Interesting. Never heard of her before. Had to go look her up. Sounds like pirates to me. But I guess still a mystery.
 
Arun Vajpey

Arun Vajpey

Member
Interesting. Never heard of her before. Had to go look her up. Sounds like pirates to me. But I guess still a mystery.
I first read about the Joyita in 1975 in the Readers' Digest publication Strange Stories, Amazing Facts. That book got me interested in several historical mysteries that I still look-up. I already knew about a few like the Oak Island Mystery, Mallory & Irvine's 1924 Everest attempt, Mary Celeste etc but the book inspired me into others like MV Joyita, Kaspar Hauser, the 1889 Paris Exposition disappearance, Paula Welden & the Long Trail etc.

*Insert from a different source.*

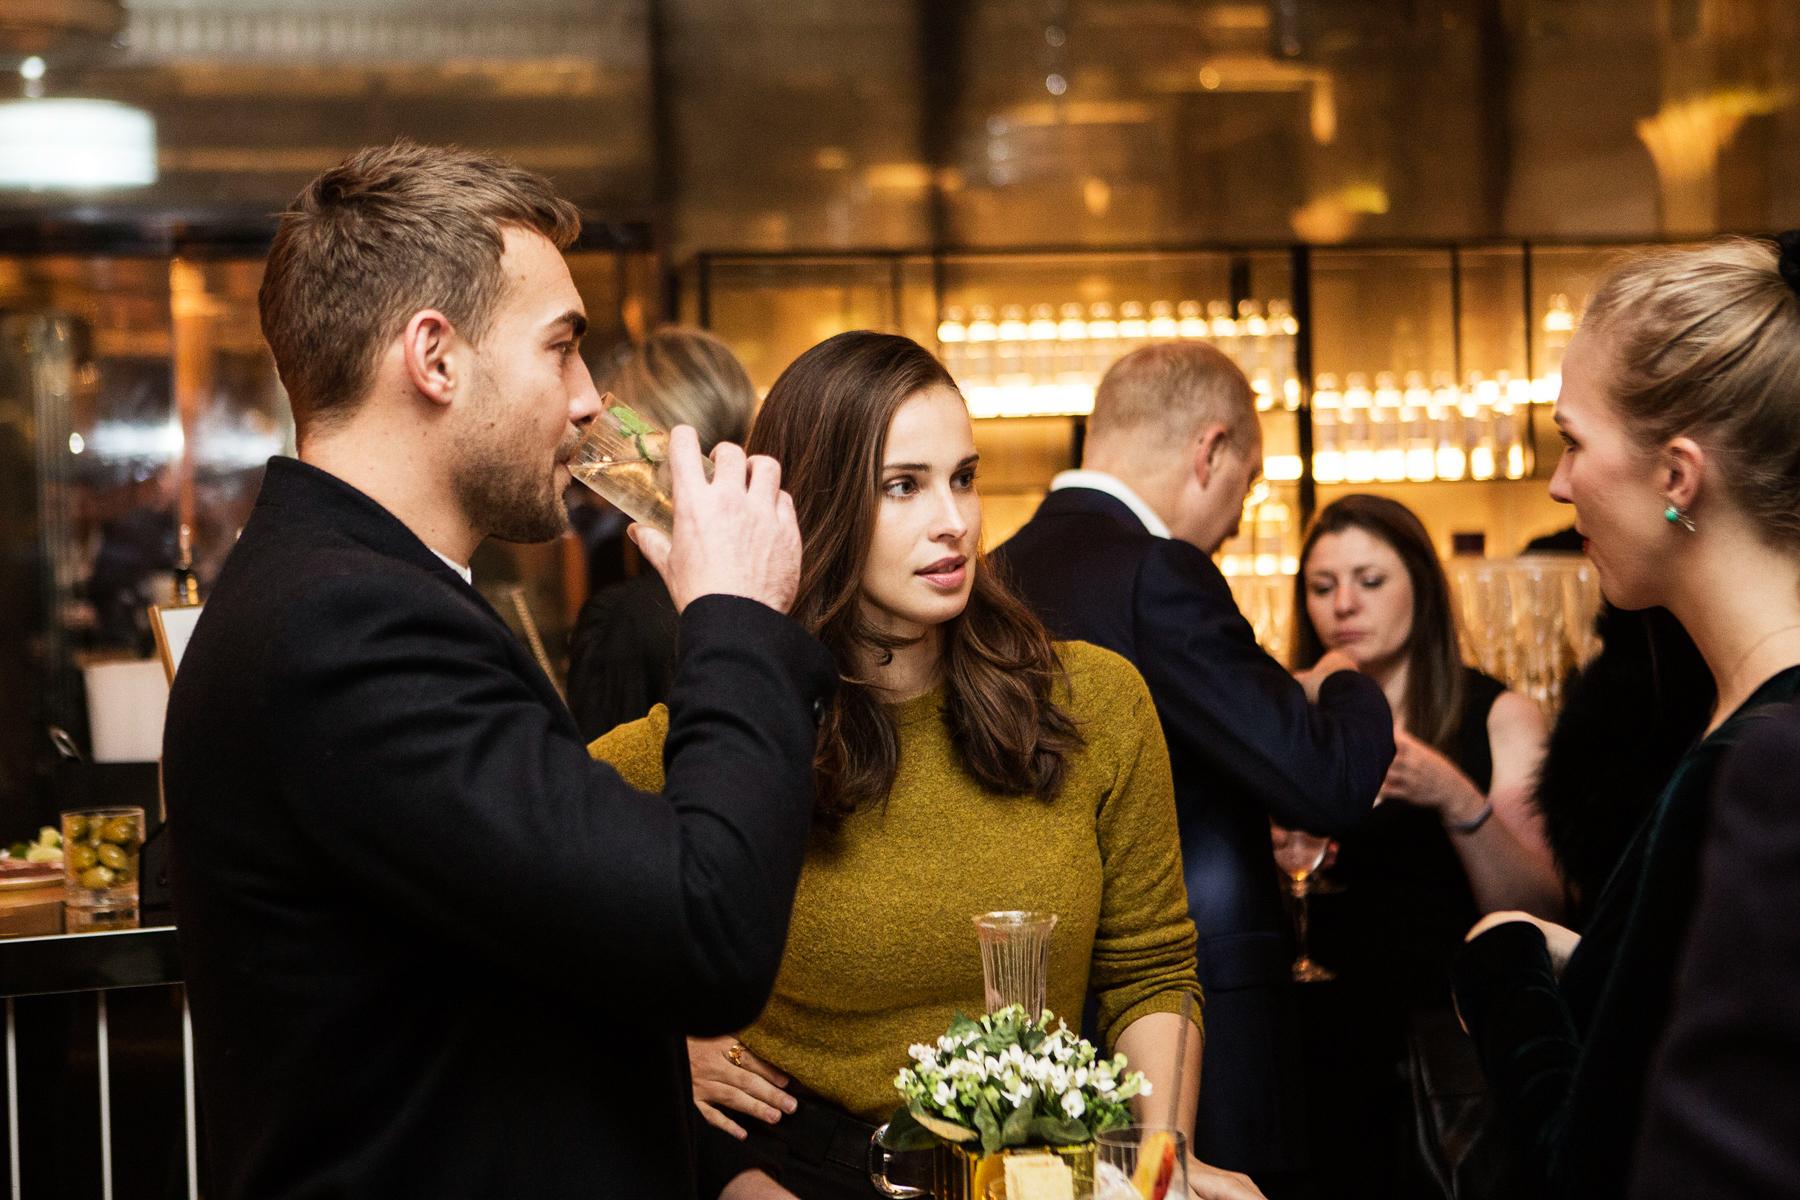 Raccoon London - Corporate Event Photographer - Andreas - May 2018  45.jpg
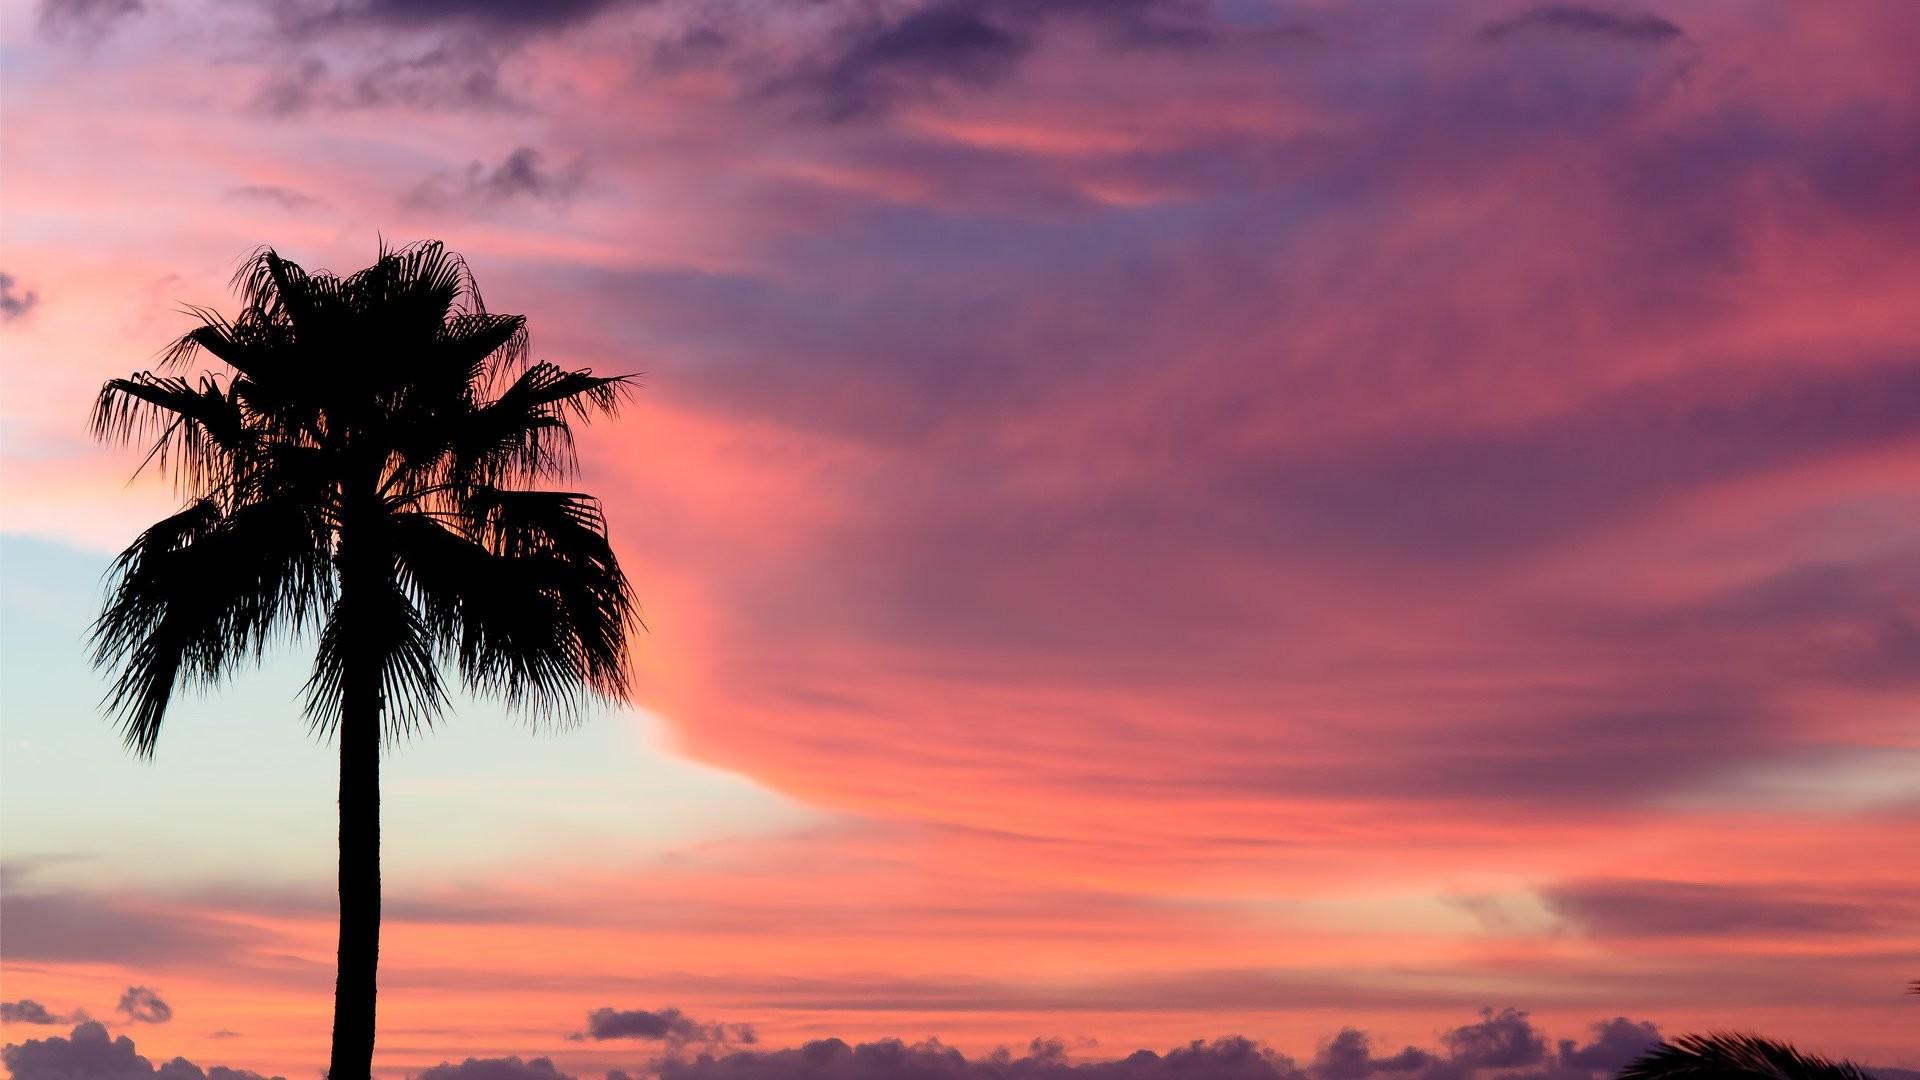 Palm tree desktop wallpaper 72 images - Free palm tree screensavers ...

Incidentally, or rather coincidentally, after its "disappearance" for over a month, the Joyita was found drifting on 10th November 1955, the day I was born.
 
Steven Christian

Steven Christian

Member
Precisely. For example, Andrews could have been saying that the Titanic could remain afloat with the first 3 watertight compartments flooded but to the untrained listeners or feckless reporters it could have meant that the ship could have split into 3 parts and remained afloat.
"untrained listeners"...I guess that would be me to some extent. I didn't know having never been in the journalism field that the people who write the articles don't usually write the headlines of the articles. Thats why the headlines that some say only 80% read don't often line up with what's actually in the article. Editors write the headlines. They'er high enough in the food chain to be bought off. Cheers.
 
Arun Vajpey

Arun Vajpey

Member
"untrained listeners"...I guess that would be me to some extent
I did not mean it that way. What I was saying was that people often hear what they want to hear. A worried passenger listening to Andrews wants to be reassured whereas a journalist looking for a story will want to sensationalize anything he/she hears.
 
Steven Christian

Steven Christian

Member
I did not mean it that way. What I was saying was that people often hear what they want to hear. A worried passenger listening to Andrews wants to be reassured whereas a journalist looking for a story will want to sensationalize anything he/she hears.
Ok. I got what you said. Maybe I should have said "untrained readers too". Cheers.